EXERCISE
Look through the entries and count each line that includes the string "ideas". Reply with the number alone.

INPUT DATA
########################################

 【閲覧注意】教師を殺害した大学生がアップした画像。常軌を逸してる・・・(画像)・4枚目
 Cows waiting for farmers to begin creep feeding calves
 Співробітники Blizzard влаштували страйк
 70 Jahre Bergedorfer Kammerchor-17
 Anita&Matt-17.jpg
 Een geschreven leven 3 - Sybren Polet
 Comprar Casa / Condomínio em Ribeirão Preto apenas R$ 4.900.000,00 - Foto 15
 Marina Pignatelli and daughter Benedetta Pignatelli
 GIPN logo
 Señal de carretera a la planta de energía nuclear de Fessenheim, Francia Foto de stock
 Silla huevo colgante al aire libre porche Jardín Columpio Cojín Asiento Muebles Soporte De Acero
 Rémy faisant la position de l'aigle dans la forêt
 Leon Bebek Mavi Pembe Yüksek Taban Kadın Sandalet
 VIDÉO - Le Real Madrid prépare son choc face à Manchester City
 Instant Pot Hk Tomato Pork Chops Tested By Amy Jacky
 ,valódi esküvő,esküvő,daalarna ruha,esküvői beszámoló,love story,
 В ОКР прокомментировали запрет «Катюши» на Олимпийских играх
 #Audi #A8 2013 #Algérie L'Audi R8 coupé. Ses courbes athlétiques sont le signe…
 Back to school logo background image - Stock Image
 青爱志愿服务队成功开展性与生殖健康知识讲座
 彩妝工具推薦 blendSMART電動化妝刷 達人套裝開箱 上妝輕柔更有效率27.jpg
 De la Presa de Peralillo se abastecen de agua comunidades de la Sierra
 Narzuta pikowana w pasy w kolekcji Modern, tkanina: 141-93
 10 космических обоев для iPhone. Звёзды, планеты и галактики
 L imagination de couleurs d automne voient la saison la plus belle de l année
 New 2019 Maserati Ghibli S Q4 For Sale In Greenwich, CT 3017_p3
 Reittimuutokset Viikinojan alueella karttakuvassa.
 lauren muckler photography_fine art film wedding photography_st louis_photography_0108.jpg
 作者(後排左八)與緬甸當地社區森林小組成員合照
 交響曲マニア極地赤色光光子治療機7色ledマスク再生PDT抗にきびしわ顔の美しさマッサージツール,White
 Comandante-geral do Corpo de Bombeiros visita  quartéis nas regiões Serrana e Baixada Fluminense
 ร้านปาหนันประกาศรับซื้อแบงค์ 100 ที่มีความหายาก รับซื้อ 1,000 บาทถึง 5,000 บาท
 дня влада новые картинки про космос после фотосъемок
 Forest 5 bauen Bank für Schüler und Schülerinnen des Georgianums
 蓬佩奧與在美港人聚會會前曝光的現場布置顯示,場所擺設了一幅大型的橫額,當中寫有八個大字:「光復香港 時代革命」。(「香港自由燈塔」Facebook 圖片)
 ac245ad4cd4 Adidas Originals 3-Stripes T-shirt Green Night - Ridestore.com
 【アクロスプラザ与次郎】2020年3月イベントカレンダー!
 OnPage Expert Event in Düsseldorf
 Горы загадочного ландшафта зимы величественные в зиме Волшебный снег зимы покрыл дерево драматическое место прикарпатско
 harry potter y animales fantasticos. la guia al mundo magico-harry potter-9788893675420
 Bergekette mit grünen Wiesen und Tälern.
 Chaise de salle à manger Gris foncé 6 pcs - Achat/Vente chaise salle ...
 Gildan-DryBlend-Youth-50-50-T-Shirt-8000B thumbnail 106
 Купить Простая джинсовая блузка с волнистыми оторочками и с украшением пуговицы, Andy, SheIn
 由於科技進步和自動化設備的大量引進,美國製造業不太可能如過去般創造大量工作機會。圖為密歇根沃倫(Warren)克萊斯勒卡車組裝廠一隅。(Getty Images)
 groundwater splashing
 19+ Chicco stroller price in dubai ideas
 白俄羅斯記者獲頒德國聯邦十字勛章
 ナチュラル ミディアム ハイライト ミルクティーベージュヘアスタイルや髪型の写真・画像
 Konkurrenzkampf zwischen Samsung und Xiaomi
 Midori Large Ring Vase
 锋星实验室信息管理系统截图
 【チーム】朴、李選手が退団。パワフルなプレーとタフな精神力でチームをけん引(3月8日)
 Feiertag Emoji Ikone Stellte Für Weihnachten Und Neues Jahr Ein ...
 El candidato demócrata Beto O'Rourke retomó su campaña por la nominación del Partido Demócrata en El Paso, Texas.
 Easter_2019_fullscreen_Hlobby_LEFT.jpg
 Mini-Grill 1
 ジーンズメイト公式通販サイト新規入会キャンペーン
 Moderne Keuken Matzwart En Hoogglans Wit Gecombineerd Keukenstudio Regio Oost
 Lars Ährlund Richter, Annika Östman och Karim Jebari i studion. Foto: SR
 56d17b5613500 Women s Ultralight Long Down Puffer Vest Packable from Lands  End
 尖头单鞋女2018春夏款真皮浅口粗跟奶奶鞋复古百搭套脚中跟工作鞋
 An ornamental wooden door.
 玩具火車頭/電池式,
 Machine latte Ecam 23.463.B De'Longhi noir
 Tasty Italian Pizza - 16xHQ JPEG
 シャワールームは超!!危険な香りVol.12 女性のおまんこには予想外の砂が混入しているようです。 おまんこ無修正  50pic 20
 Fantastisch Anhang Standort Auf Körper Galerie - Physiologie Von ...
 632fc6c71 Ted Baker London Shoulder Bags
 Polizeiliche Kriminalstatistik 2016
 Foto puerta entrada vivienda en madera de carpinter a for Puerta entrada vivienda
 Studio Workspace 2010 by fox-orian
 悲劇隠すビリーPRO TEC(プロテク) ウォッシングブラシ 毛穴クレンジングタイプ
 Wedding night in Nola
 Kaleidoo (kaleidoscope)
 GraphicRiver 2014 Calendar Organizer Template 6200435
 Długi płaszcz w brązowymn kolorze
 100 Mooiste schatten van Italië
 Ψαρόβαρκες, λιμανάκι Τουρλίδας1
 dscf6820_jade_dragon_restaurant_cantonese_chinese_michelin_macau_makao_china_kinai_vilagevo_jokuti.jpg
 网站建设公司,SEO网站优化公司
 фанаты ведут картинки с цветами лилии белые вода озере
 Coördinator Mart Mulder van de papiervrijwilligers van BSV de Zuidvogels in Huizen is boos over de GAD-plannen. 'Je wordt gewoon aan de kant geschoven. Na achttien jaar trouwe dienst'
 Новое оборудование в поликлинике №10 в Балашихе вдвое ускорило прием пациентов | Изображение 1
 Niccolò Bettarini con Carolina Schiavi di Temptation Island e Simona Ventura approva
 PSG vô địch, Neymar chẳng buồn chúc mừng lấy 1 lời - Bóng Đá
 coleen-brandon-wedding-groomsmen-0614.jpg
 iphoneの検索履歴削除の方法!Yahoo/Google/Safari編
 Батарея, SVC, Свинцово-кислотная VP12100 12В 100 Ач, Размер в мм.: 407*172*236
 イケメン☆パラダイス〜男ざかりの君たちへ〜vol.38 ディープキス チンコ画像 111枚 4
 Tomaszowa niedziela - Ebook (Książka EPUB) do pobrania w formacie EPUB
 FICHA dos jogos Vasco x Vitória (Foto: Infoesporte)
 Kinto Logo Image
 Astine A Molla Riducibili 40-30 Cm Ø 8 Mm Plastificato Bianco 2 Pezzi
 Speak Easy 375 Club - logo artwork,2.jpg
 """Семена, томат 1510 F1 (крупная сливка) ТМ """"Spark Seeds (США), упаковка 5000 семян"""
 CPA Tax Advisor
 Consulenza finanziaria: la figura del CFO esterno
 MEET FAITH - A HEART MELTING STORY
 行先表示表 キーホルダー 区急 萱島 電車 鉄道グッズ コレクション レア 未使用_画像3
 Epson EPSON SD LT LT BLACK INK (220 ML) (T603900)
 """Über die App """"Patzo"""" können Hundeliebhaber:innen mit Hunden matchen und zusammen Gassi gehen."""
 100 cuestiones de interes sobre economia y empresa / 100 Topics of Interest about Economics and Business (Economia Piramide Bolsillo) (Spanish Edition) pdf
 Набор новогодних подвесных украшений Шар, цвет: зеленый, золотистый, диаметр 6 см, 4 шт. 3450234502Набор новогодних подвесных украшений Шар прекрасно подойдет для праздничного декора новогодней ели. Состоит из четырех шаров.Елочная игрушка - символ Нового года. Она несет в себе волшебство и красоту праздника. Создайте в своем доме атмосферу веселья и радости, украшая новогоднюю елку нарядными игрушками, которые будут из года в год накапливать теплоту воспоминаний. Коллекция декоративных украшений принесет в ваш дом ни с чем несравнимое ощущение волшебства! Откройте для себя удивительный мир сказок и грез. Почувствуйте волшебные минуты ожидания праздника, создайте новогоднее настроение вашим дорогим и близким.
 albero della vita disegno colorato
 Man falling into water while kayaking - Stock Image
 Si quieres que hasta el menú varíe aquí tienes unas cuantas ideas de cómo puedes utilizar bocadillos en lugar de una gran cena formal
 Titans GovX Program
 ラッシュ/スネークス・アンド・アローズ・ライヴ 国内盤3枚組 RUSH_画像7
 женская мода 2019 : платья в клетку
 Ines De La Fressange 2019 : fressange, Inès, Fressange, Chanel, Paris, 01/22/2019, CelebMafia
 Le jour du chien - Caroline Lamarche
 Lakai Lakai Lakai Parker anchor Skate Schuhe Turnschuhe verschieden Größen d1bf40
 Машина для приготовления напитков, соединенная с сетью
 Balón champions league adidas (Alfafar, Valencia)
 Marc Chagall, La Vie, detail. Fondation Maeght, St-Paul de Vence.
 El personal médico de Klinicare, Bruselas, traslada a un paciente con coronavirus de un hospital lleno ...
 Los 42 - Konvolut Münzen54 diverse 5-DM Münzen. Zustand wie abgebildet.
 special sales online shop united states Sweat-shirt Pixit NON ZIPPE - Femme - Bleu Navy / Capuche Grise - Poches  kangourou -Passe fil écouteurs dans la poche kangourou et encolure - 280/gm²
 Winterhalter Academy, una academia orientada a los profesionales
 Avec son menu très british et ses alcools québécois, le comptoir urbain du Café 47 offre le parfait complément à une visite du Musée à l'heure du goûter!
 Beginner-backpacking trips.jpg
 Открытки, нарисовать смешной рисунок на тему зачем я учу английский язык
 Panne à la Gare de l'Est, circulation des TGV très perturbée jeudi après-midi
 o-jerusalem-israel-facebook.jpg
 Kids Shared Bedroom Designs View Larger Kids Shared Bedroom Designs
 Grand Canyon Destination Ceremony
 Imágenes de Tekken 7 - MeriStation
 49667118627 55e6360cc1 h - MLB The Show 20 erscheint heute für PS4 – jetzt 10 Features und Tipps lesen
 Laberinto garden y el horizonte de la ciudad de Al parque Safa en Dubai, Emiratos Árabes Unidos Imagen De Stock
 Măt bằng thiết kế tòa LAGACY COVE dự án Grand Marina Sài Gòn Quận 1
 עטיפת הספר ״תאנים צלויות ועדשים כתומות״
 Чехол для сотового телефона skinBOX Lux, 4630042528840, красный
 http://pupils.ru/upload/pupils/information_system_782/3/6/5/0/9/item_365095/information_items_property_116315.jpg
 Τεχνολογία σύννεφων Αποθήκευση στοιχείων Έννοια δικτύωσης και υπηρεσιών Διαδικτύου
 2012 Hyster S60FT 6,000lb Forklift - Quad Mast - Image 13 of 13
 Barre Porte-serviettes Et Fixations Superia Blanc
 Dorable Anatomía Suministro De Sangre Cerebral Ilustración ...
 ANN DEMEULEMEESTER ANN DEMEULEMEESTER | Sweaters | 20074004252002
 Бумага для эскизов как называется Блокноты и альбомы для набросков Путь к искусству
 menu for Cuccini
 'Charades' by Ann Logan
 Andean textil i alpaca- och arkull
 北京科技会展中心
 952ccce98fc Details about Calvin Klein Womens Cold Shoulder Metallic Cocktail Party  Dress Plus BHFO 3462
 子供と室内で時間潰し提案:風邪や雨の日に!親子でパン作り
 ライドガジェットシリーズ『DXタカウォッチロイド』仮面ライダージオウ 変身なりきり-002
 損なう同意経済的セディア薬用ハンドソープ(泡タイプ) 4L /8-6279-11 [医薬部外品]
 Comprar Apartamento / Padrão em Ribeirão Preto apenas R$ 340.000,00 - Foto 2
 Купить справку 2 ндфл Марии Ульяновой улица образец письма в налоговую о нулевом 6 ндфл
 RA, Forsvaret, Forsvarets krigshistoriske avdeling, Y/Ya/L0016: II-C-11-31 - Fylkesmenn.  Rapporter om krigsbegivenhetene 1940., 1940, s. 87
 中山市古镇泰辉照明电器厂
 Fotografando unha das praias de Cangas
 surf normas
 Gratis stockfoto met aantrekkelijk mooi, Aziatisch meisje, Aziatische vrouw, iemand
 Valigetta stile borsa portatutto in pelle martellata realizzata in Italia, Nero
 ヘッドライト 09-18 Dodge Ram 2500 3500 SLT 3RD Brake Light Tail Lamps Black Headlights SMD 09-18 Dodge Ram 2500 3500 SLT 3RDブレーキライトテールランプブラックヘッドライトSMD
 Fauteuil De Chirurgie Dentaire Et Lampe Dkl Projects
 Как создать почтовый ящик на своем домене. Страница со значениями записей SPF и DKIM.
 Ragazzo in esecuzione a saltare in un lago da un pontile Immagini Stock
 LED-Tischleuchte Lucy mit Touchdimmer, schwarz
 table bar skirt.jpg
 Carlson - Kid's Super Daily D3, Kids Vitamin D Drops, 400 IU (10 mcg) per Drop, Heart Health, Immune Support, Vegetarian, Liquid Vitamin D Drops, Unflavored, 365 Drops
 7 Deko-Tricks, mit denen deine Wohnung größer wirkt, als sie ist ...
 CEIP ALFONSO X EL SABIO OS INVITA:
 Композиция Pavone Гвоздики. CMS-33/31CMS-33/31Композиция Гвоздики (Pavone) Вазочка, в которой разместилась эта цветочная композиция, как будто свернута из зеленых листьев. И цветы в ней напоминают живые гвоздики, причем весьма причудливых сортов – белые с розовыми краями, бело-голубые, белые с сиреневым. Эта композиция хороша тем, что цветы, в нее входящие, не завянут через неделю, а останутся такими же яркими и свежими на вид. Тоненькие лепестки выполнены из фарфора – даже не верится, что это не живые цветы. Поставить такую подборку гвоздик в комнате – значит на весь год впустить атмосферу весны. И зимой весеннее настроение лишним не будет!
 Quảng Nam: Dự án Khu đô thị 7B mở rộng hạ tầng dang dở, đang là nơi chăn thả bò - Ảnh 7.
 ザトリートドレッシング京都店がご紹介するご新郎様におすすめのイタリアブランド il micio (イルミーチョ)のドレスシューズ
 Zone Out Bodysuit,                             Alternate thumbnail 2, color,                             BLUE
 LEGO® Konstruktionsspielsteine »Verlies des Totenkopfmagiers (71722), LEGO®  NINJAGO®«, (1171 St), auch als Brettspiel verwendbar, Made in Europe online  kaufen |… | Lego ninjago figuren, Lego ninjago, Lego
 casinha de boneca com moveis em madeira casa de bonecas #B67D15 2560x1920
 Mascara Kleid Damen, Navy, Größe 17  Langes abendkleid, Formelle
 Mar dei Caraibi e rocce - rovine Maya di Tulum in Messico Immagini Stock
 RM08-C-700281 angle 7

########################################

RESPONSE TO THE TASK
2